Тоня посторонилась: Сестрюков подметал пол. Встретилась она с Гиляровым только за ужином. Ужин прошел в молчании, барышня из Клина зубочисткой выводила на салфетке узоры.
Когда убрали со стола, Гиляров сказал, ни на кого не глядя:
— Сегодня ночью мы едем. Путь уже открыт.
Ночью застучали молотки.
Тоня глянула в окно: внизу шевелились фонари, черные спины нагибались к земле, и постукивали, постукивали молотки, пробуя крепость колес, вдоволь отдохнувших на стоянке.
VНакинув жакет, торопясь, Тоня покинула купе, по коридору поспешила к выходу — скорей, окончательно убедиться, что не обманывают молотки, что правду выстукивают они о близком конце, о том, как за Ростовом разбегутся рельсы: одни на Харьков, другие на Бердичев, туда, где есть приказы, начальства, служба.
А в коридоре ее тут же окликнули изумленно:
— Вы куда?
— Не знаю, — ответила Тоня. — Не знаю, — повторила она, когда Гиляров с порога салона, где он немало минут простоял, подошел к ней. — Не знаю. — И на рукав его френча положила похолодевшие пальцы.
— Я вас жду давно.
И услышала, что добавил он тихо-тихо:
— Вас… Тоня…
— Я не Тоня, — проговорила она. — Я… я тону. — И прижалась к нему, все отдавая блаженно — и себя, и свою просветлевшую душу, и томленье свое.
Глава десятая
Снова, после недельной передышки, салон-вагон помчался по русским полям.

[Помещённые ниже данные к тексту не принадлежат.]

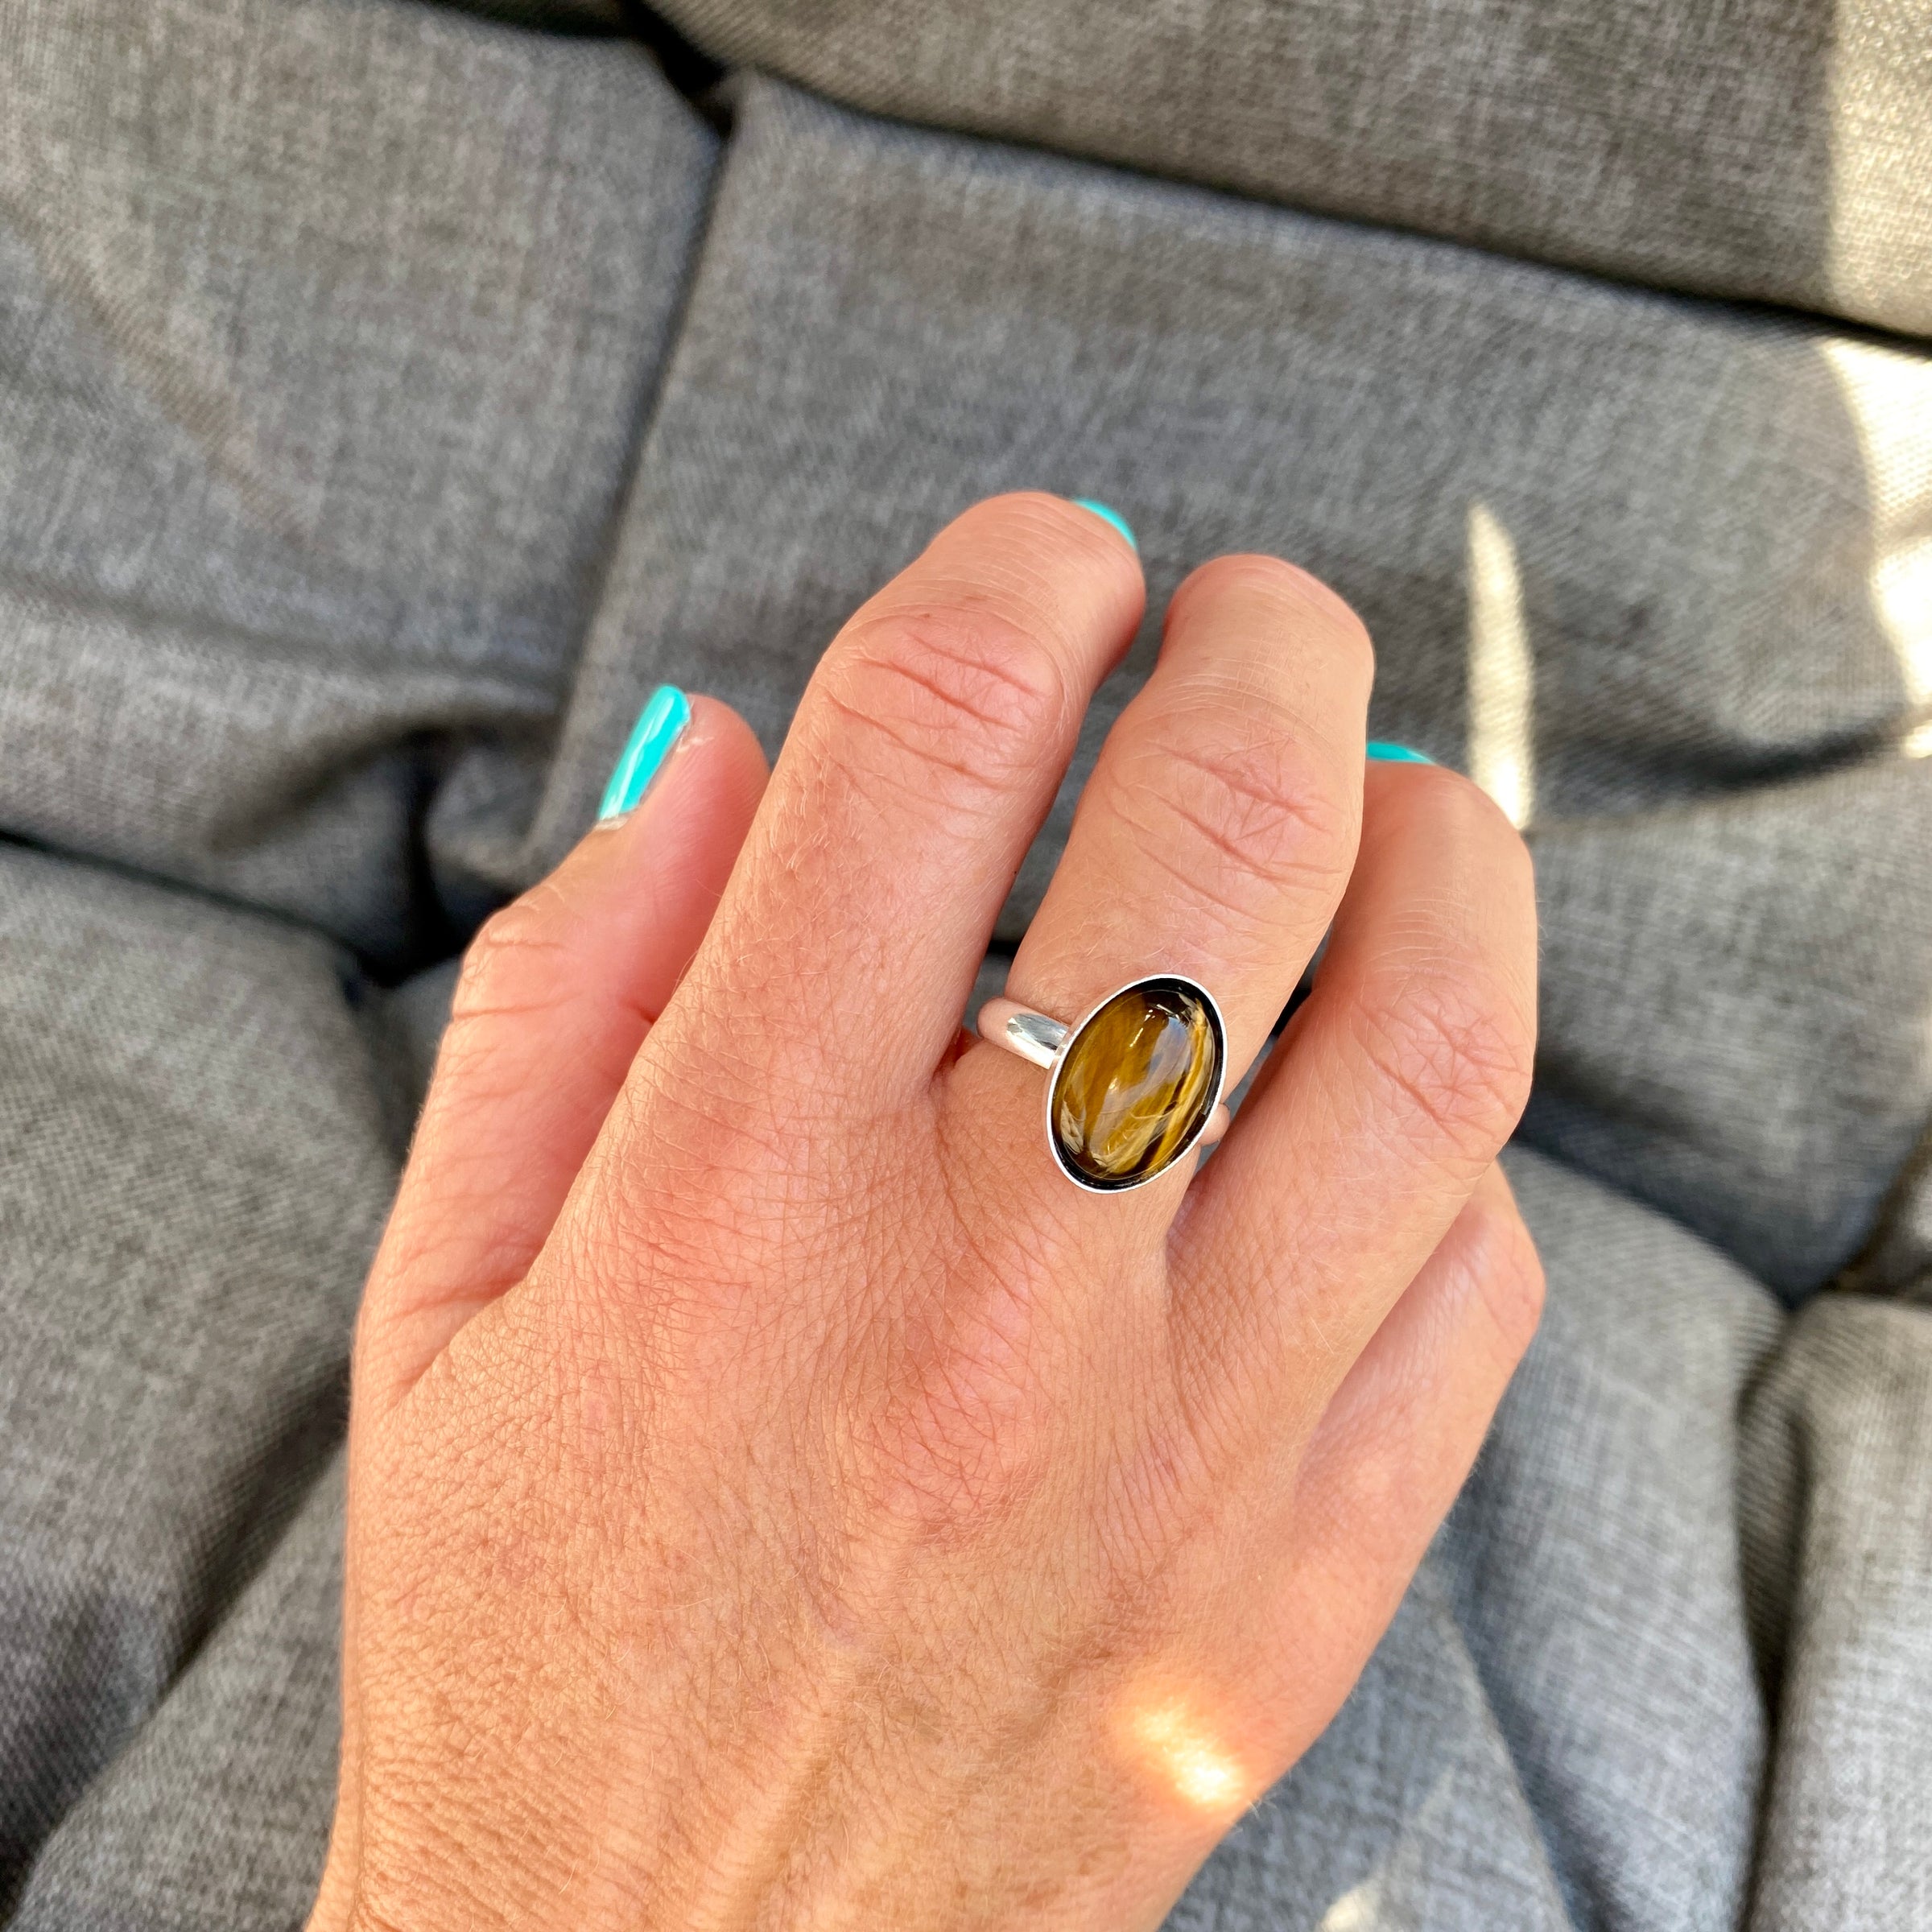 Tiger's Eye Stone Silver Ring Men, Agate Stone Ring, Brown Ring, Unique Ring,  Handmade Ring, Mens Jewelry Gift, Aqeeq Ring, Gift Hor Him - Etsy | Rings  for men, Silver ring designs,

Снова по утрам ремингтон освобождался из жестяного плена, и комиссар Временного правительства кратко и сухо сообщал Петрограду о продвижении своем, о причинах невольной задержки, указывал свой маршрут, изредка прибавлял два-три слова о разбитых паровозах, о самоубийстве нескольких офицеров на станции Дербент, где неизвестно почему очутившиеся там матросы, дробя стекла, срывая двери, ворвались в штабной вагон, о поджогах в Баку, о бабьем бунте в Таганрогском уезде, где одна помещица оказалась ведьмой и колодцы отравляла, о погроме под Ростовом, о пастухе-пророке с Дона, антихриста воочию увидавшем, об эшелоне, разгромившем депо, о женском монастыре, где монашки продавали божью воду для изуничтожения социалистов, о деревенских ходоках, ищущих новые земли. Но Петроград упорно молчал, не отзывался.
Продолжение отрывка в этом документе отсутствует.